4. A modified bayesian-based SQL injection detection method according to claim 3, wherein the "category" comprises: SQL attack/normal request; "attribute information" includes request type, parameter number; the "feature distribution" includes: probability distribution of SQL injection occurs.

5. The method for detecting the SQL injection of the improved Bayesian theory according to claim 4, wherein the step of performing the secondary processing on the SQL request data in the database to avoid the overfitting and the excessive complexity comprises the steps of: extracting features by adopting a method comprising character features, bag-of-word model features and semantic features; adopting an embedded feature selection method to select features; and adopting a PCA method to perform characteristic dimension reduction.

6. The method for detecting SQL injection of modified bayesian theory according to claim 3, wherein the step of establishing a modified SQL injection detection model comprises: introducing priori knowledge into a traditional SQL injection detection model based on Bayesian theory; gaussian process regression methods are used to optimize bayesian algorithm performance.

7. The method for detecting the SQL injection of the modified Bayesian theory according to claim 5, wherein the step of training and optimizing the modified SQL injection detection model comprises the steps of: training a model by using the labeling data, and calculating the probability of each parameter; and testing the performance of the model by using the test set, and calculating the test index.

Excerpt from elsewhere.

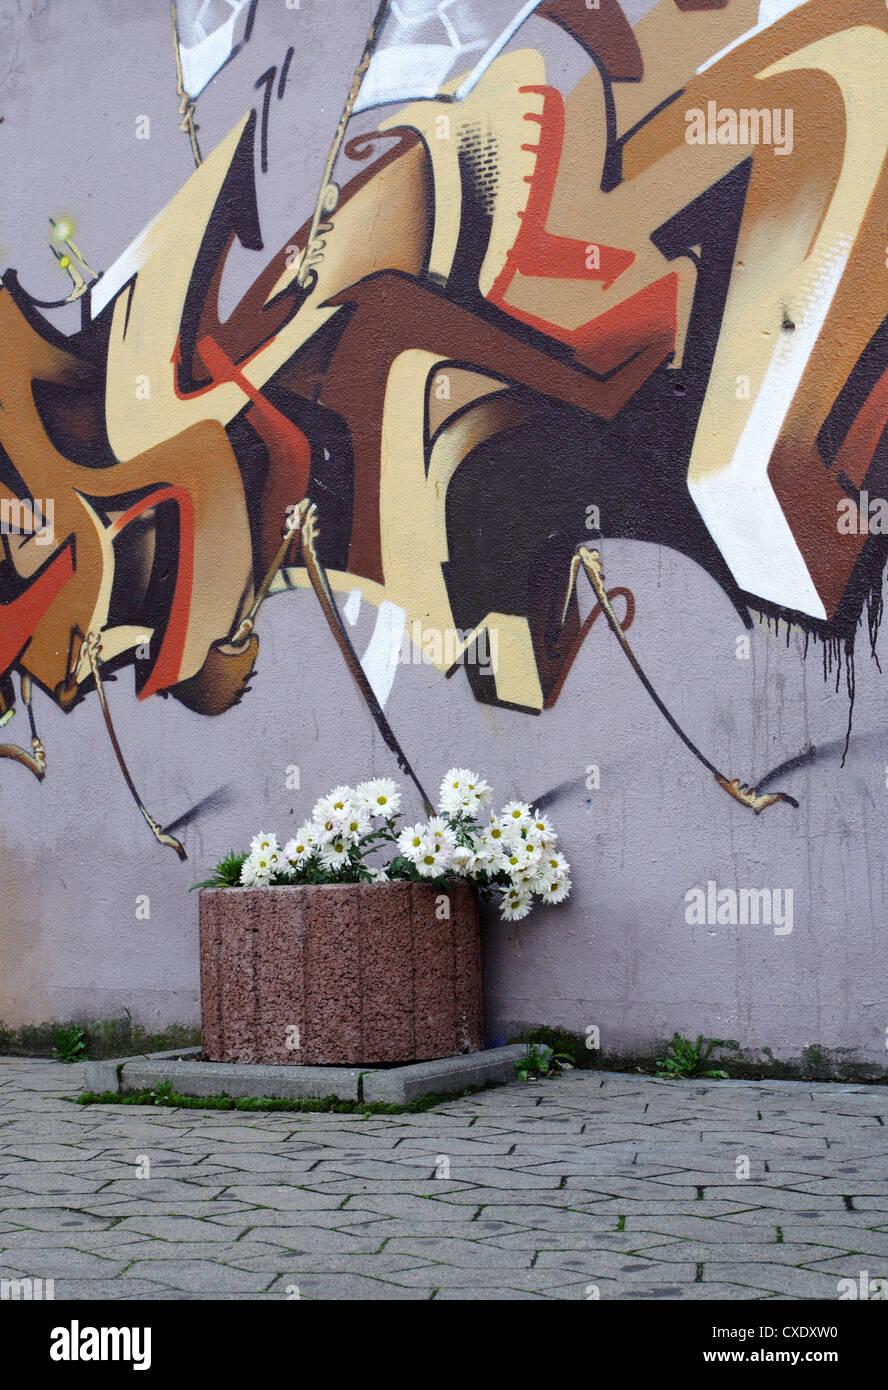 Saarbruecken, Blumenkuebel planted and sprayed with graffiti wall Stock Photo

8. The method for detecting SQL injection according to claim 7, wherein the test indicators comprise: classification accuracy, recall, F1 value.

9. The improved bayesian theory of SQL injection detection method according to any one of claims 1 to 8, wherein collecting the data source of the SQL request data comprises: access log of Web server and message data grabbed by network sniffing tool.

10. An electronic device, comprising:

a computer program for executing the SQL injection detection method of the modified bayesian theory according to any one of claims 1 to 9;

a memory for storing a computer program;

a processor for executing a computer program.